10.1.5. Ну, а что остается нам думать и делать, когда человечество пока ещё не разобралось в природе воли, и когда разберется, неизвестно? И это в то время, когда коллективный Запад продолжает нацеливаться против России различными штыками, в т.ч. и штыками правовых технологий? Не случайно еще Л. Фейербах писал: «Там, где остроумнее рассуждения о праве, там наихудшим образом реализуется справедливость» (Л. Фейербах. Немецкое законодательство и историческое правоведение/Справочное издание «Антология правовой мысли». М.: Мысль, 1999. Т.3. С. 351).

Правовая безопасность нашего общества и государства, стабильность социально-экономических отношений требуют всемерного повышения роли права как социального регулятора. И в этой связи договорное право в нашей жизни приобретает неоценимое значение. Трактовка гражданско-правового договора как обещания чревата тяжелейшими негативными последствиями, как уже было сказано, для всей нашей цивилистики, для всего нашего гражданского оборота. Исходя из «принципа среднего человека» (Нечаев В.М.) или из позиции среднестатистического россиянина, извините, «прообещать» можно все, когда нет хорошо продуманной правовой регламентации. Особенно в международных торгово-экономических отношениях, в которых на Россию нередко смотрят не как на равноправного партнера, а как на объект правового регулирования и источник приращения богатства коллективного Запада,  использующего для этого все средства, в т.ч. и правовые технологии.

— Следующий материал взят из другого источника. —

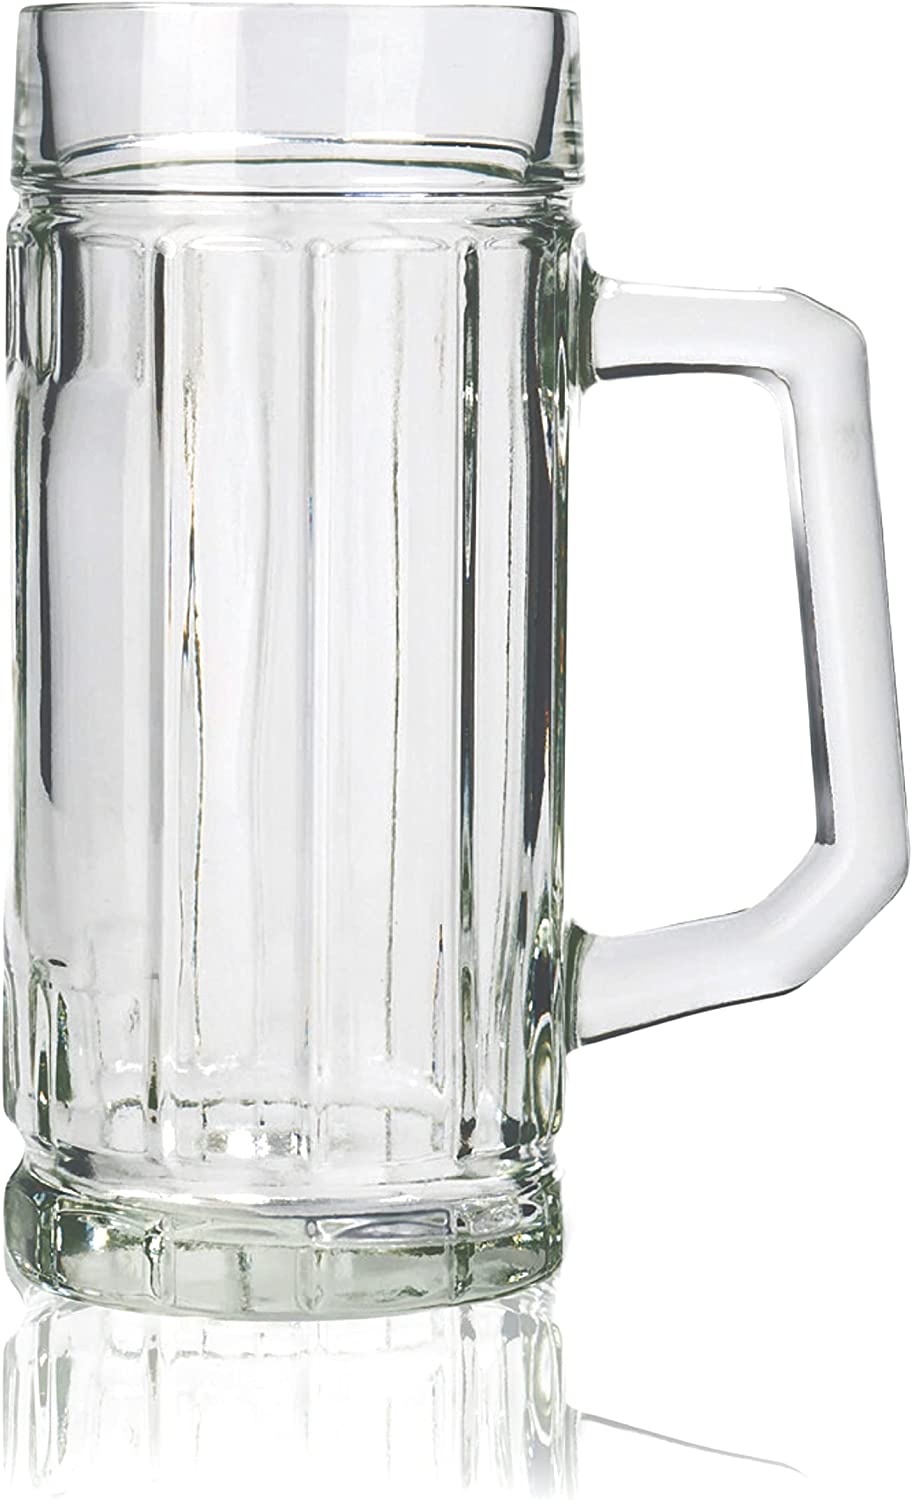 Stölzle Oberglas Gambrinus Beer Mugs / Set of 12 Beer Mugs 0.125 Litres / Sturdy Beer Jug / Beer Glasses 0.125 Litres Made of Soda Lime Glass / Dishwasher Safe

Россия должна решительно сломать эту «традицию» и стать субъектом международно-правового регулирования не только по праву, но и по факту! Причем, не только международно-правового регулирования, но и глобального управления (Да, мы за многополярный мир, но в нём Россия – одна из первых среди равных).

Но что интересно, рассмотренная нами гражданско-правовая сделка, а вместе с нею и её разновидность – гражданско-правовой договор, по своей сути есть ничто иное, как сами по себе правовые последствия, определённые положительным правом. Тогда тем более, последнее слово не за волей! Последнее слово за законом.

И это хорошо, что до сих пор наше законодательство трактует гражданско-правовой договор как соглашение, а не как обещание. В противном случае реально возможные негативные последствия будет трудно преувеличить. Они могут быть пострашнее, чем чубайсовская приватизация госпредприятий или настойчиво рекомендуемая нам «солидарная экономика».

А утихнувшая дискуссия по вопросу о том, что является источником правовых последствий, юридические факты или же определения положительного права, получается, должна возобновиться! И это также хорошо!

10.2. В ранее опубликованной статье «Казахстан как феномен Великой России» (Метаисторический аспект) в Продолжении 4 (12.03.21. –  22.04.21.) [5] мы писали о Международном финансовом центре «Астана» (Далее- МФЦА), представляющем большую угрозу для экономической, а значит,  национальной безопасности нашей России.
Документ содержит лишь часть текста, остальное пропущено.